0x00007fffb286594e in snat_get_worker_in2out_cb (ip0=0x7fffb5b01d70, rx_fib_index0=0) at /home/heat-admin/vpp_stable_1801/build-data/../src/plugins/nat/nat.c:2758
2758 if (PREDICT_TRUE (is_pow2 (_vec_len (sm->workers))))
(gdb)
(gdb) p snat_main
.
.
icmp_match_out2in_cb = 0x7fffb28a24ca <icmp_match_out2in_slow>, num_workers = 1, first_worker_index = 1, next_worker = 0, workers = 0x0,
Here’s the culprit code in nat.c:
2714 if (PREDICT_TRUE (is_pow2 (_vec_len (sm->workers))))
2715 next_worker_index += sm->workers[hash & (_vec_len (sm->workers) - 1)];
2716 else
2717 next_worker_index += sm->workers[hash % _vec_len (sm->workers)];
I set breakpoints and watched sm->worker from the time snat_init() initializes it to NULL and found that it stays NULL across the various function calls. Simply enclosing the above chunk of code within a NULL check prevents the crash:
[root@overcloud-controller-0 bin]# git diff ../../../../src/plugins/nat/nat.c
diff --git a/src/plugins/nat/nat.c b/src/plugins/nat/nat.c
index acd1671..cbb261e 100644
— a/src/plugins/nat/nat.c
+++ b/src/plugins/nat/nat.c
@@ -2741,10 +2741,13 @@ snat_get_worker_in2out_cb (ip4_header_t * ip0, u32 rx_fib_index0)
hash = ip0->src_address.as_u32 + (ip0->src_address.as_u32 >> 8) +
(ip0->src_address.as_u32 >> 16) + (ip0->src_address.as_u32 >>24);
if (PREDICT_TRUE (is_pow2 (_vec_len (sm>workers))))

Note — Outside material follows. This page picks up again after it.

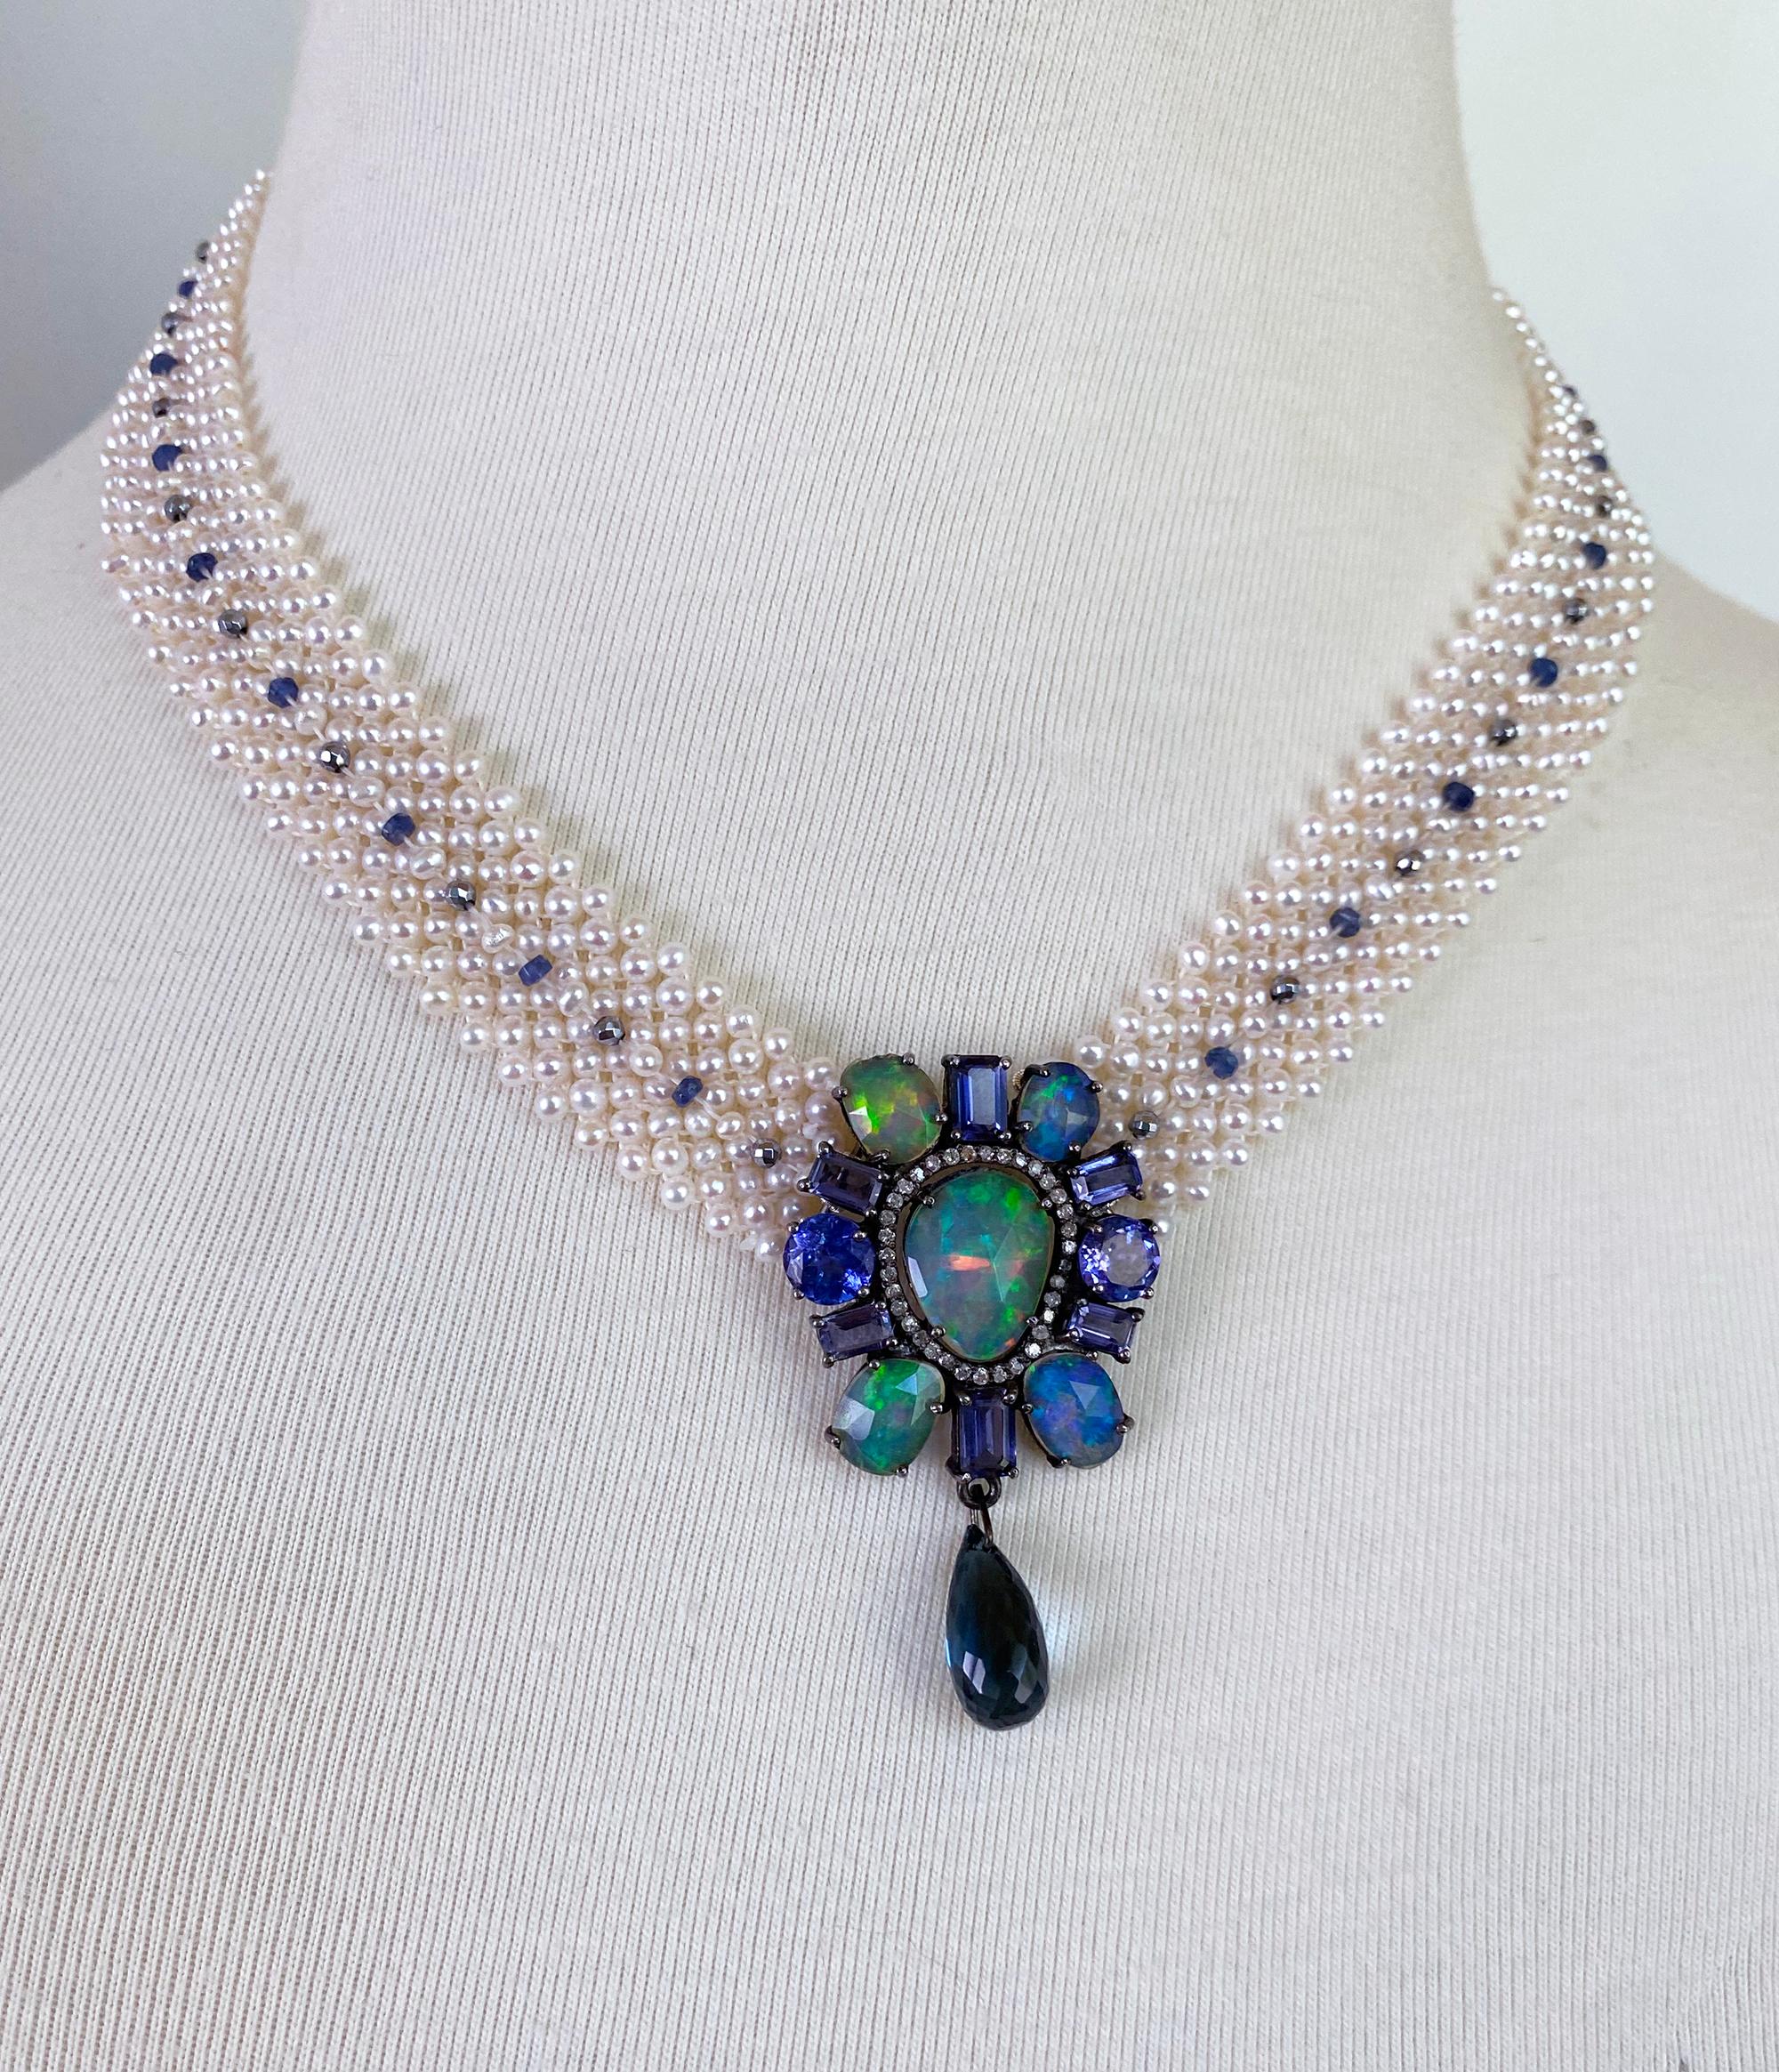 Cushion Cut Marina J. Pearl Lace Necklace with Fire Opal, Tanzanite & Diamond Centerpiece

next_worker_index += sm>workers[hash & (_vec_len (sm->workers) - 1)];
- else
next_worker_index += sm>workers[hash % _vec_len (sm->workers)];
+ if (sm->workers)
+
{ + if (PREDICT_TRUE (is_pow2 (_vec_len (sm->workers)))) + next_worker_index += sm->workers[hash & (_vec_len (sm->workers) - 1)]; + else + next_worker_index += sm->workers[hash % _vec_len (sm->workers)]; + }
return next_worker_index;
}
But I am not too sure if this is the only change required. Maybe the variable ought not to be NULL? Maybe something else is the matter.